El Cerro Castillo (literally The Castle Hill) trail is located in Patagonia on the Chilean side. It is a 3 to 4 day trek that will bring you in the heart of what Patagonia has best to offer: forests, rivers, blue lagoons and incredible peaks scraping the sky.

El Cerro Castillo trek is usually done from East to West, from Las Horquetas curve on route #7 to Villa Cerro Castillo. The reason behind that is because it is easier to reach Las Horquetas sharp curve than leaving it, but also because the view gradually gets better and better that way.

When leaving the curve, walk slightly down and follow the river. You'll see a little wooden cabin away.

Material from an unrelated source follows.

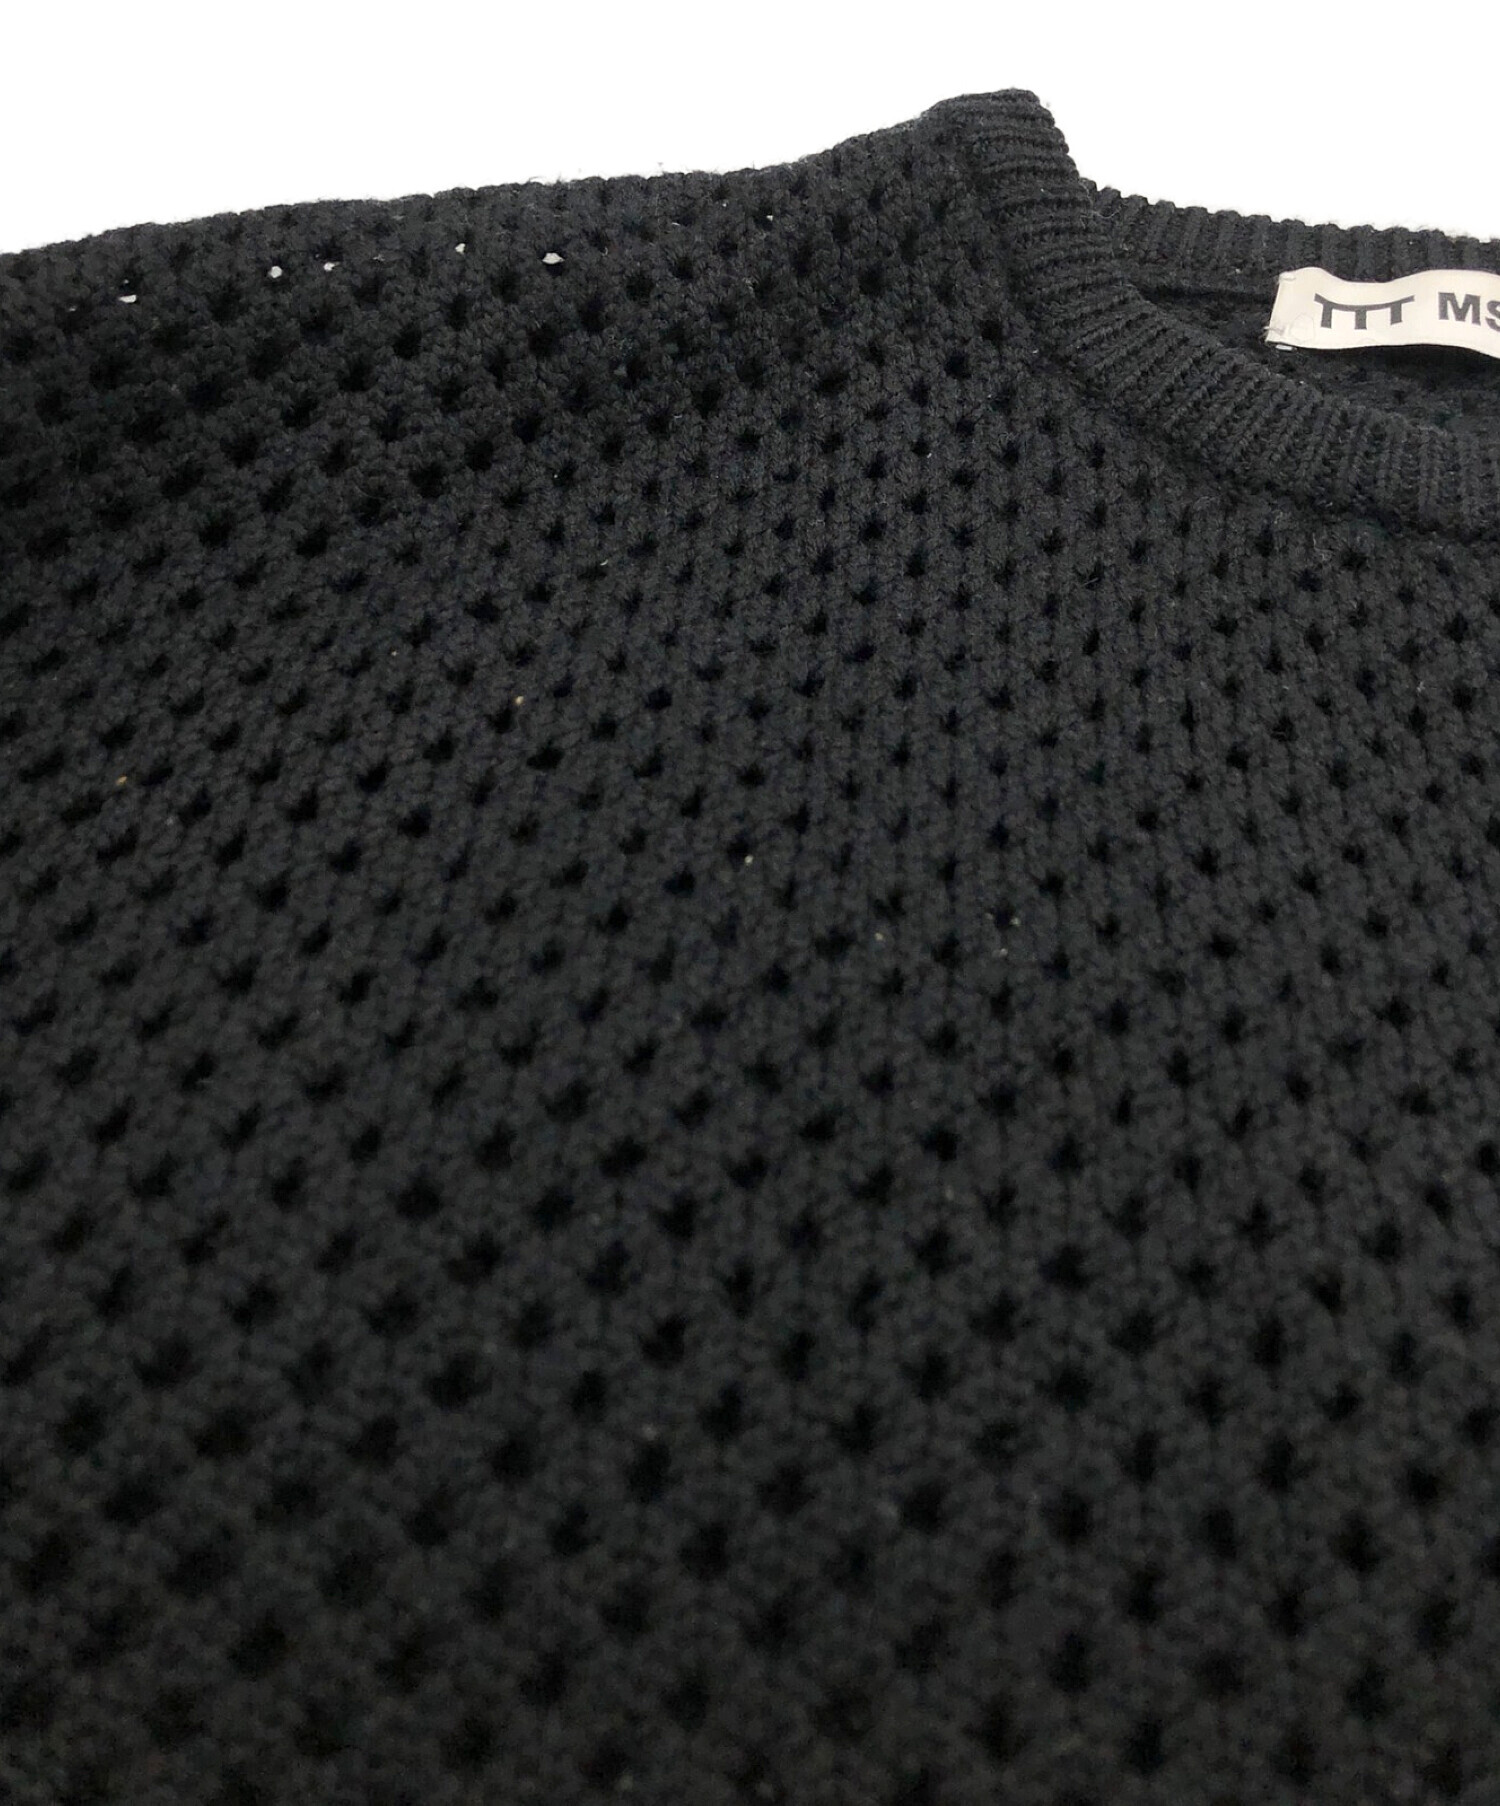 TTT MSW (ティーモダンストリートウェア) Wool Pullover Knit ブラック サイズ:Free

That's the ranger station, and depending on the season, the day or the hour, you might have to pay your way in ($5,000CLP).
Once that's done, you will immediately get welcomed on the Cerro Castillo trail by having to cross a river using a very artisanal home-made wooden bridge.

Just follow the obvious trail (on which 4x4 can go) after that. It will follow the river for a just a while before turning left.
You will go through some prairie on which cows might be chilling, followed by a non-inviting forest (just like they draw them in children's books). The forest will eventually become very welcoming. Stay on the tracks and except to cross a few more streams (requiring to take your shoes off).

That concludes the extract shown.